Segment Open

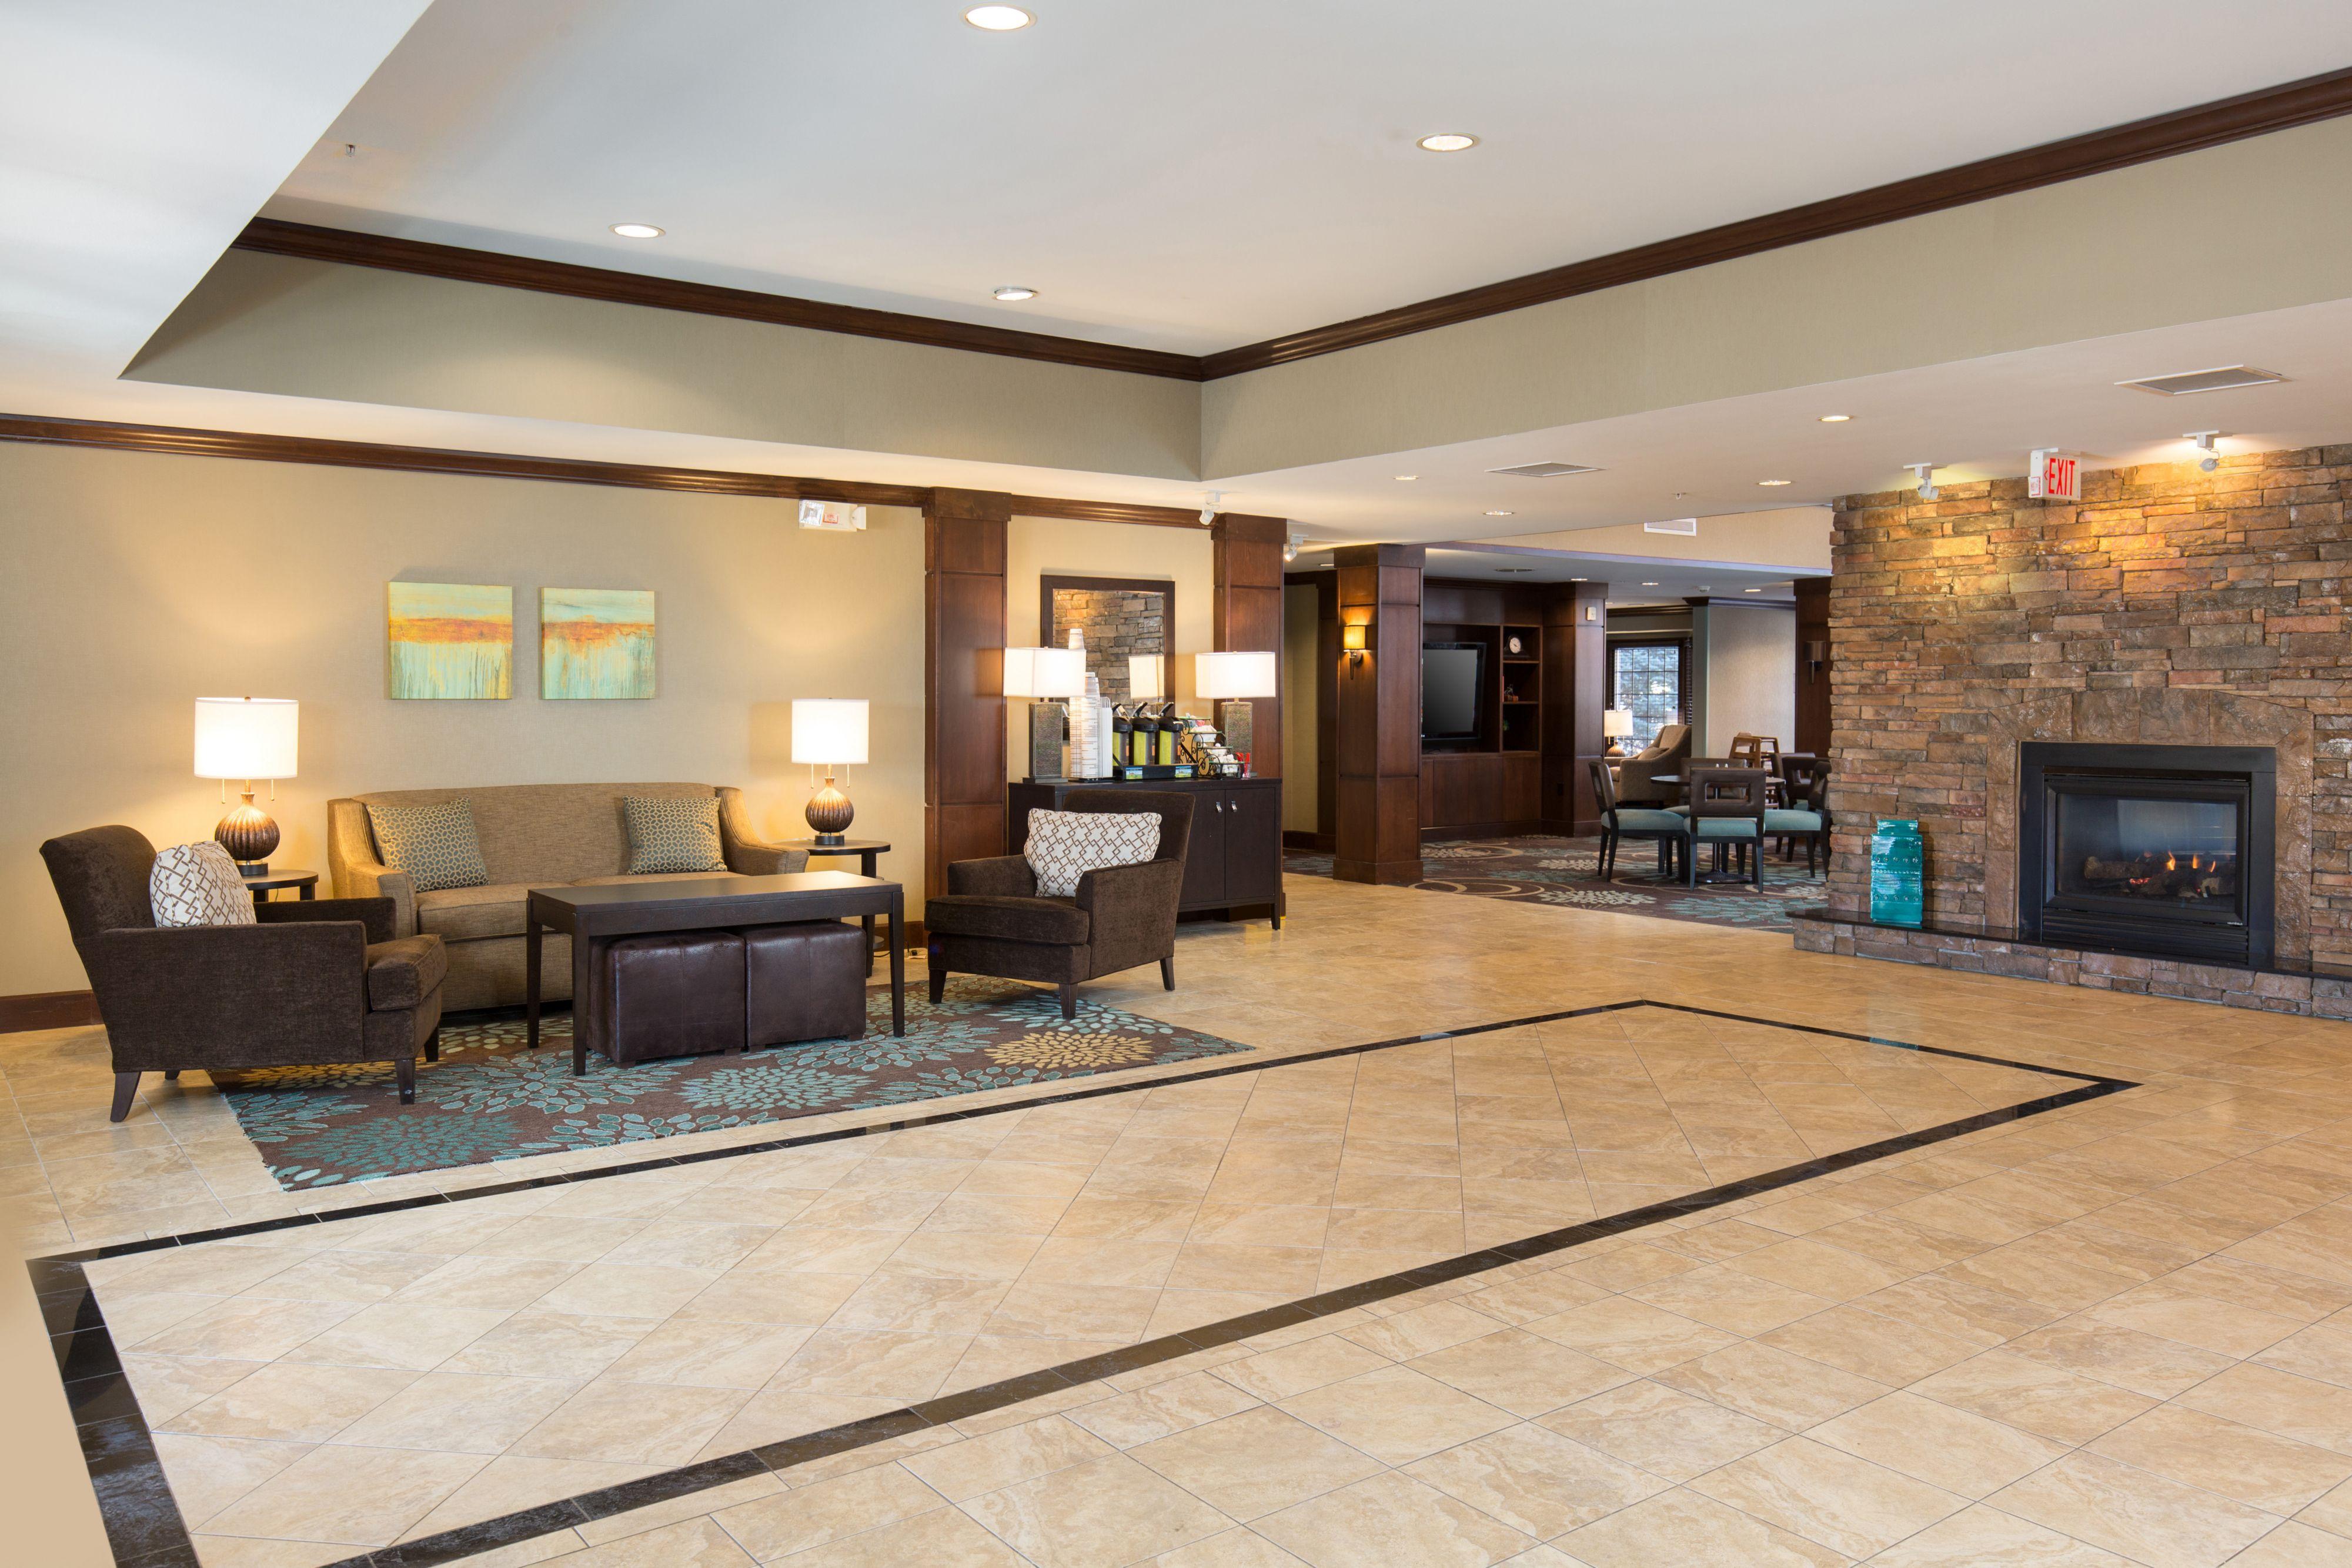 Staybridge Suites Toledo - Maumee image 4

Segment Closed
Segment Open

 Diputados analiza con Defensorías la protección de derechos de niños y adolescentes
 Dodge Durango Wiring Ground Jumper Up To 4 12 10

Segment Closed

__What you should do__
Go through the material above and output exactly the lines from the one containing "Diputados analiza con" through the one containing "Dodge Durango Wiring".

__Output for this exercise__
 Diputados analiza con Defensorías la protección de derechos de niños y adolescentes
 Dodge Durango Wiring Ground Jumper Up To 4 12 10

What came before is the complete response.